▶ How to complete this task: In the copy you make of the entries, no picture should appear, and every word must match.

Saved entries:
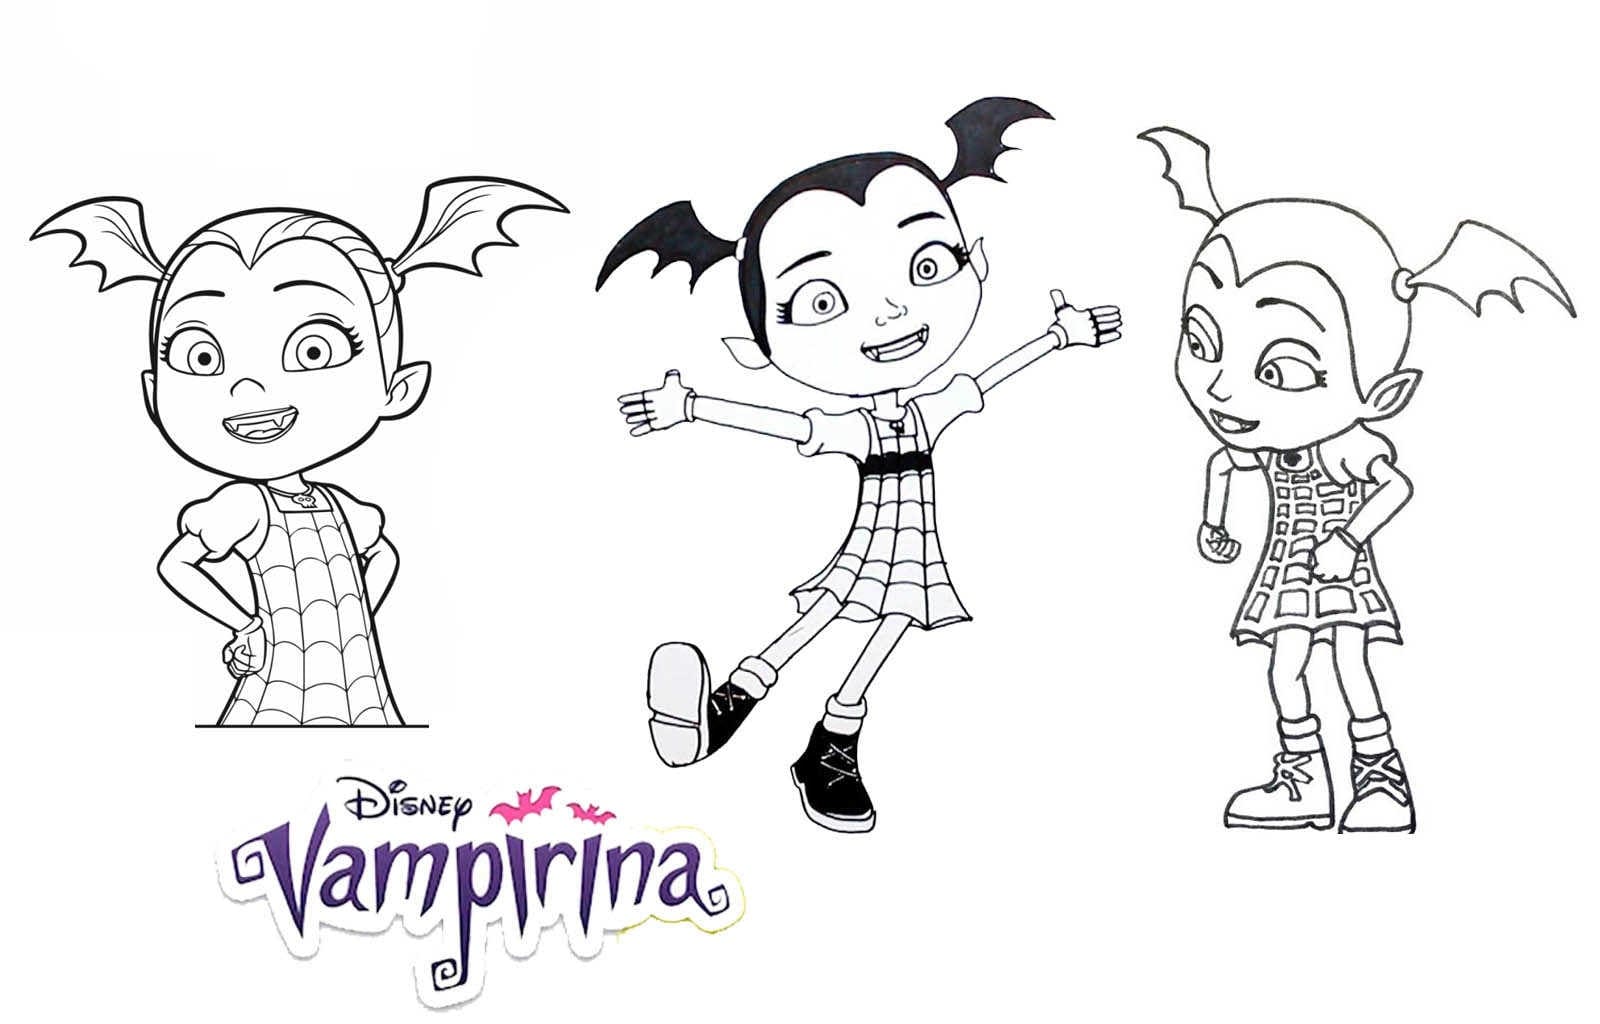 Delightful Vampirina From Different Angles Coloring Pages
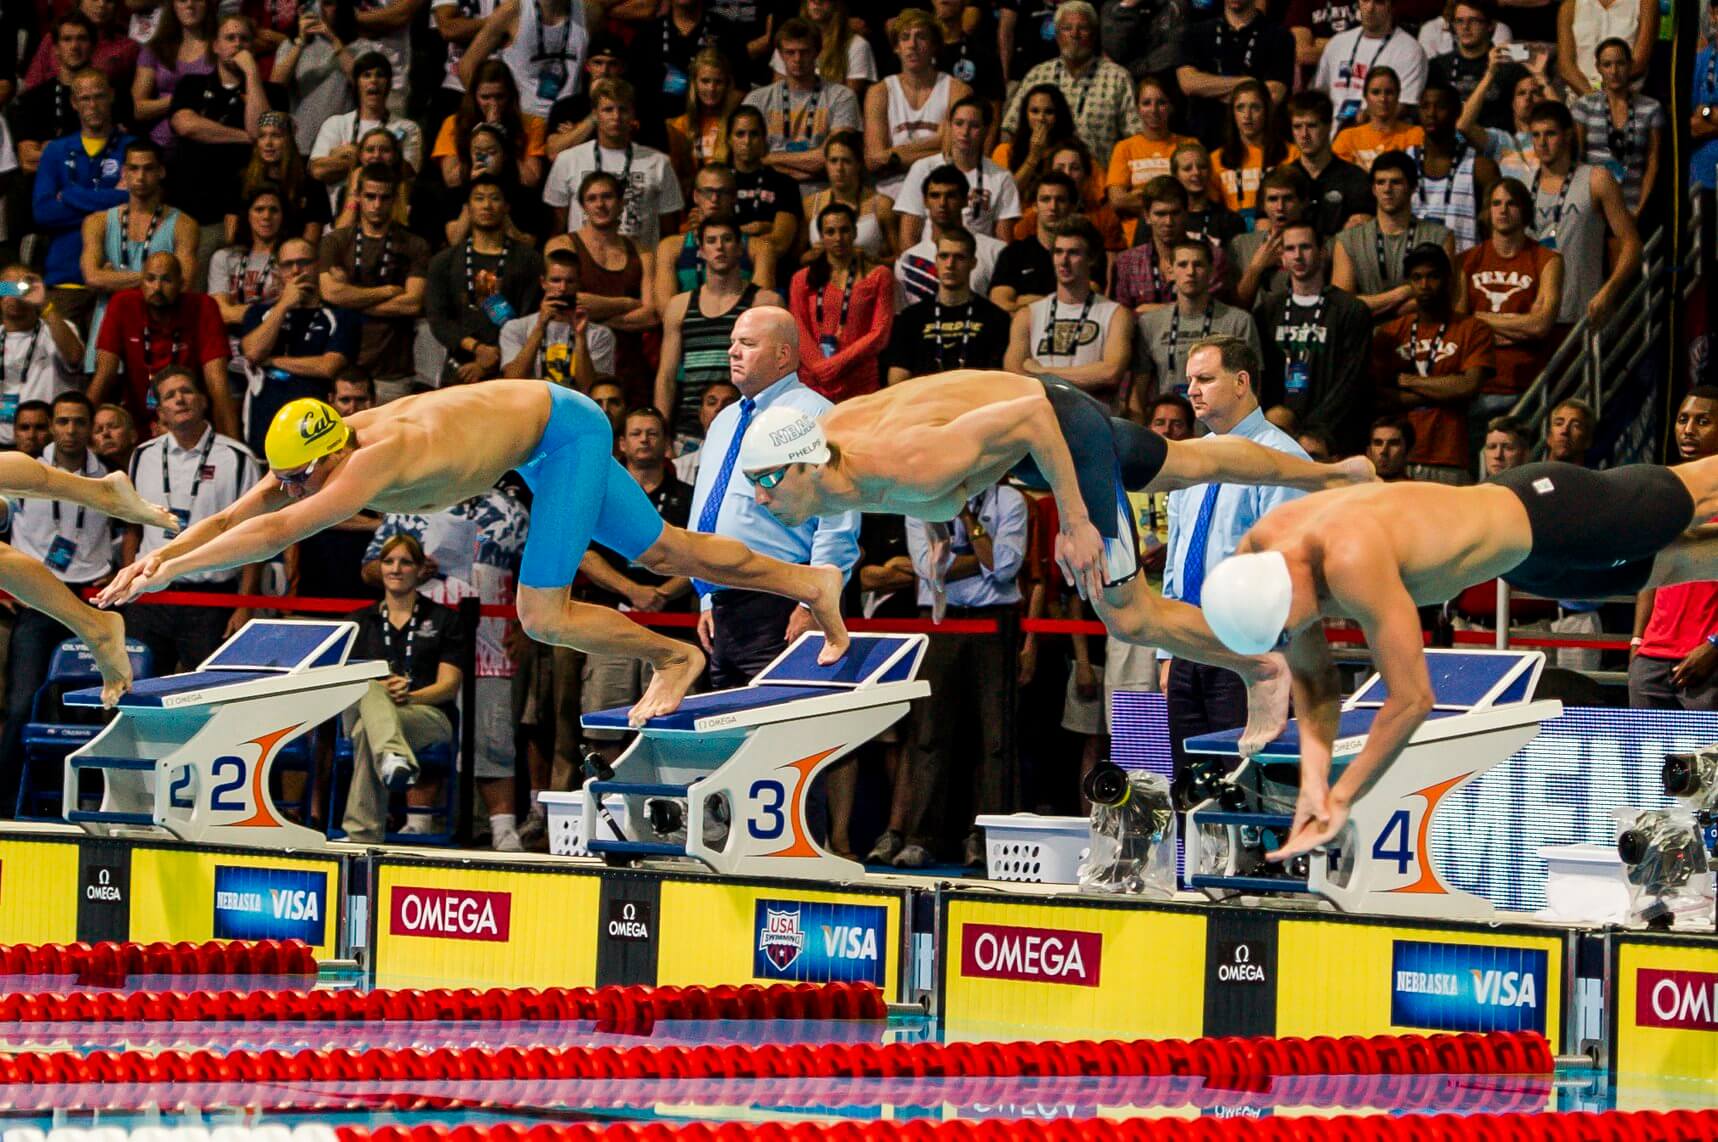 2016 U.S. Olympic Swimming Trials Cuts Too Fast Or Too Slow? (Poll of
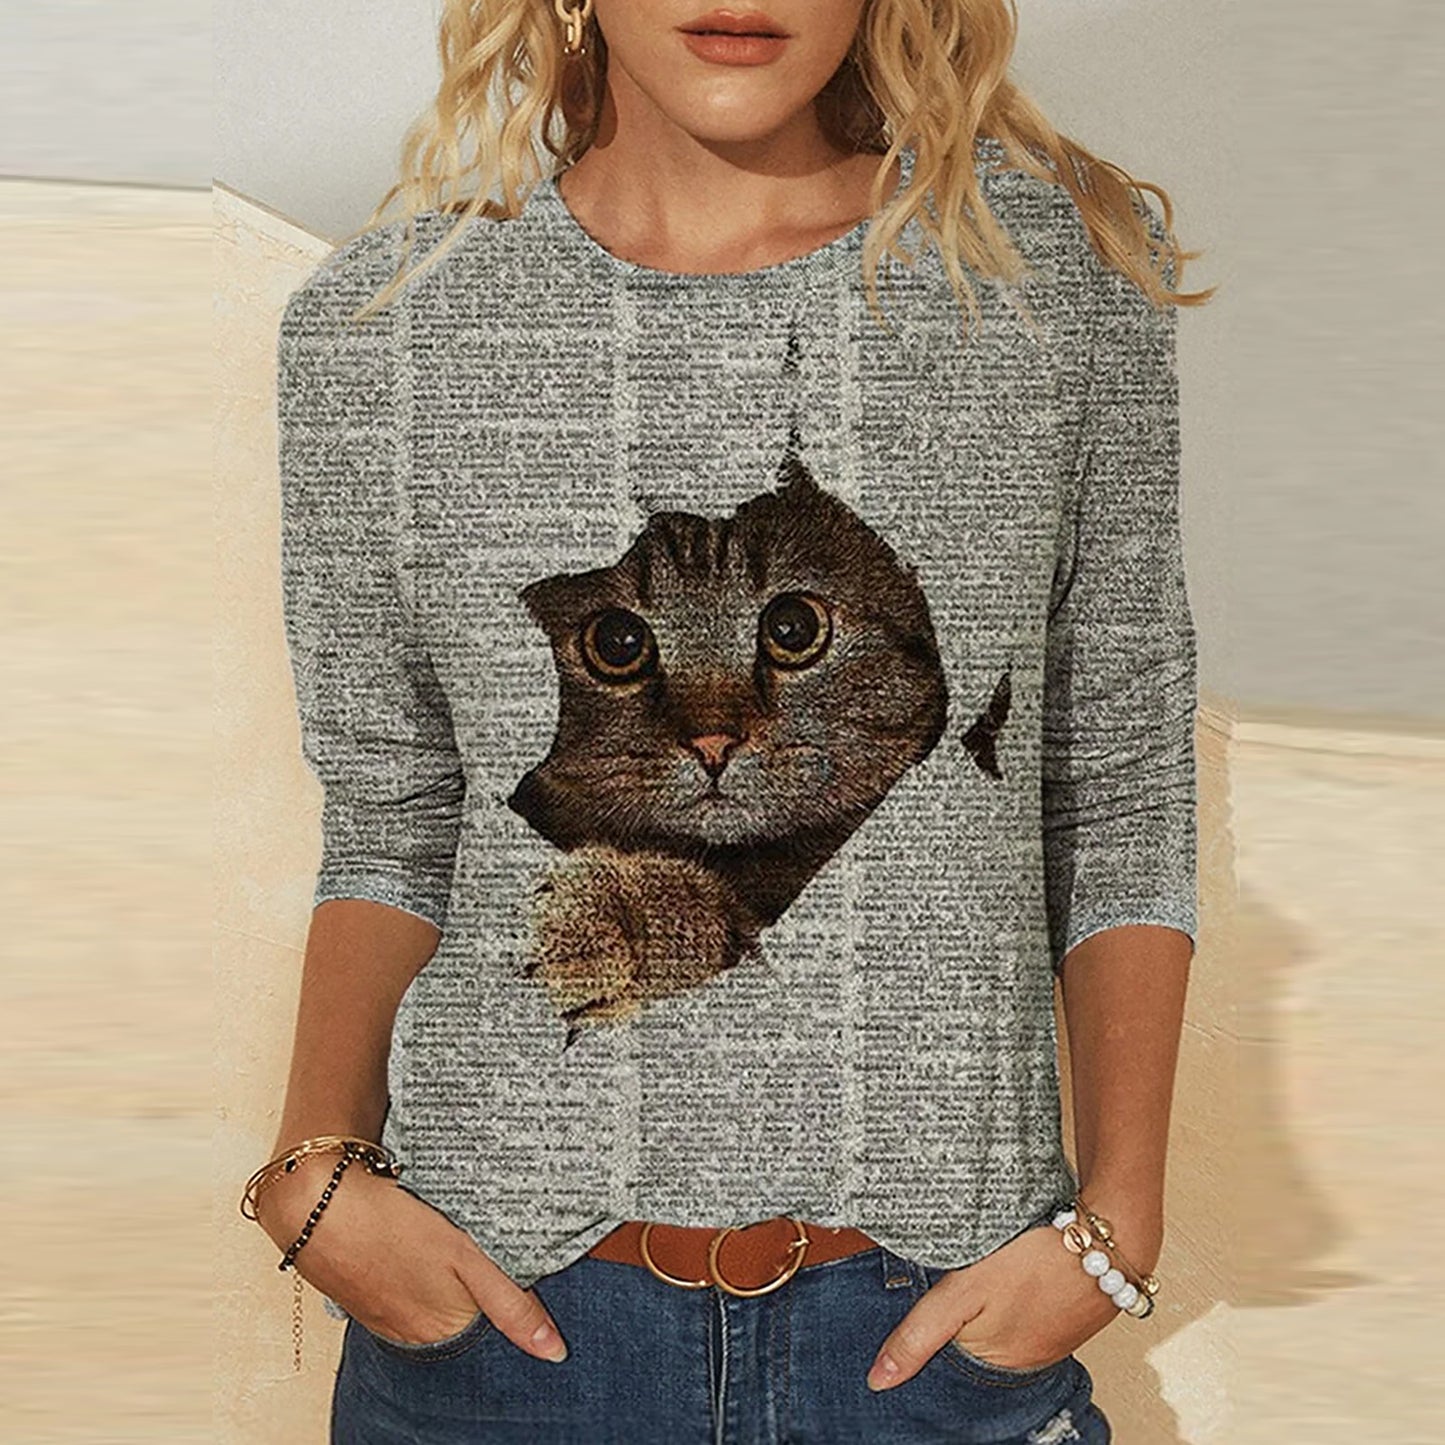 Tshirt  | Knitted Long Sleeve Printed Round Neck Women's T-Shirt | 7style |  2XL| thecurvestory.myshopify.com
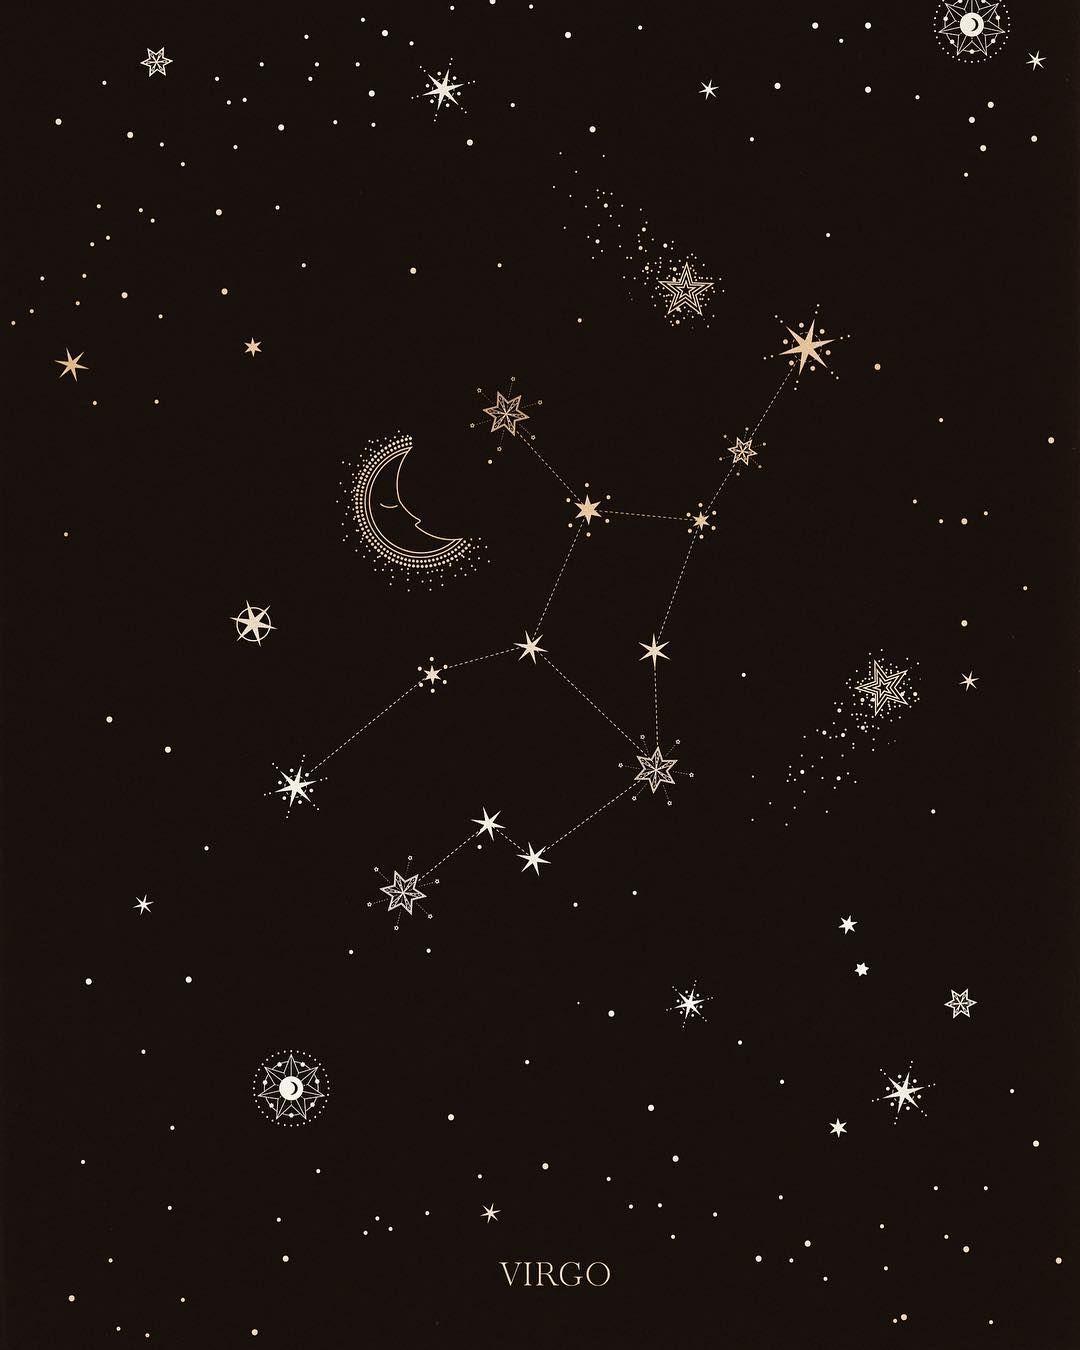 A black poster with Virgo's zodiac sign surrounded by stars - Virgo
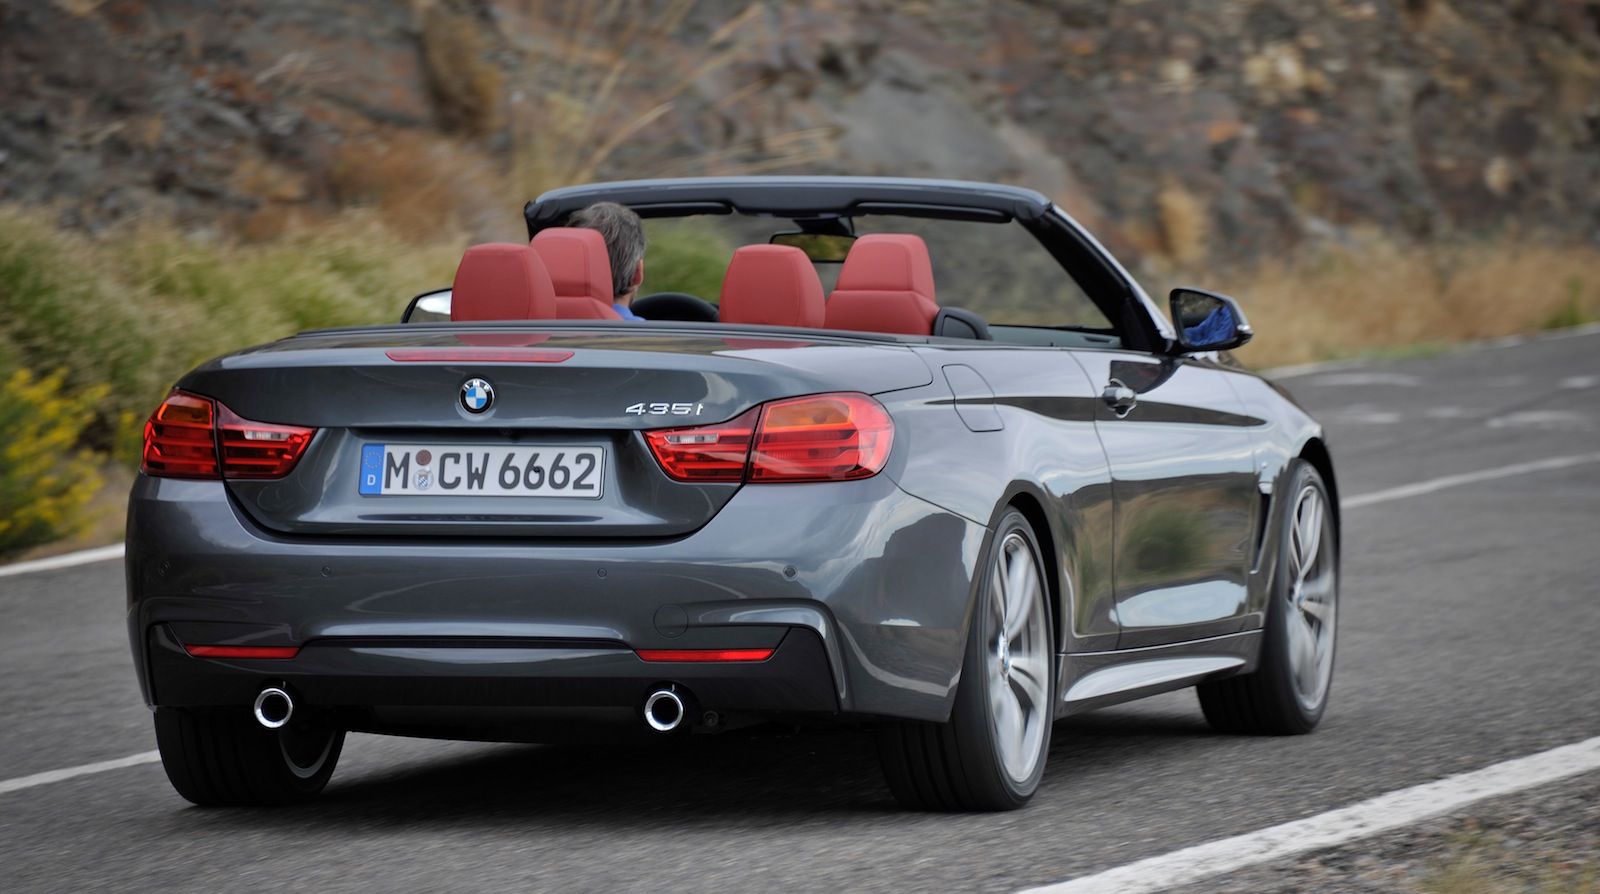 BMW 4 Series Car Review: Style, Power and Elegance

▶ The completed task:
 Delightful Vampirina From Different Angles Coloring Pages
 2016 U.S. Olympic Swimming Trials Cuts Too Fast Or Too Slow? (Poll of
 Tshirt  | Knitted Long Sleeve Printed Round Neck Women's T-Shirt | 7style |  2XL| thecurvestory.myshopify.com
 A black poster with Virgo's zodiac sign surrounded by stars - Virgo
 BMW 4 Series Car Review: Style, Power and Elegance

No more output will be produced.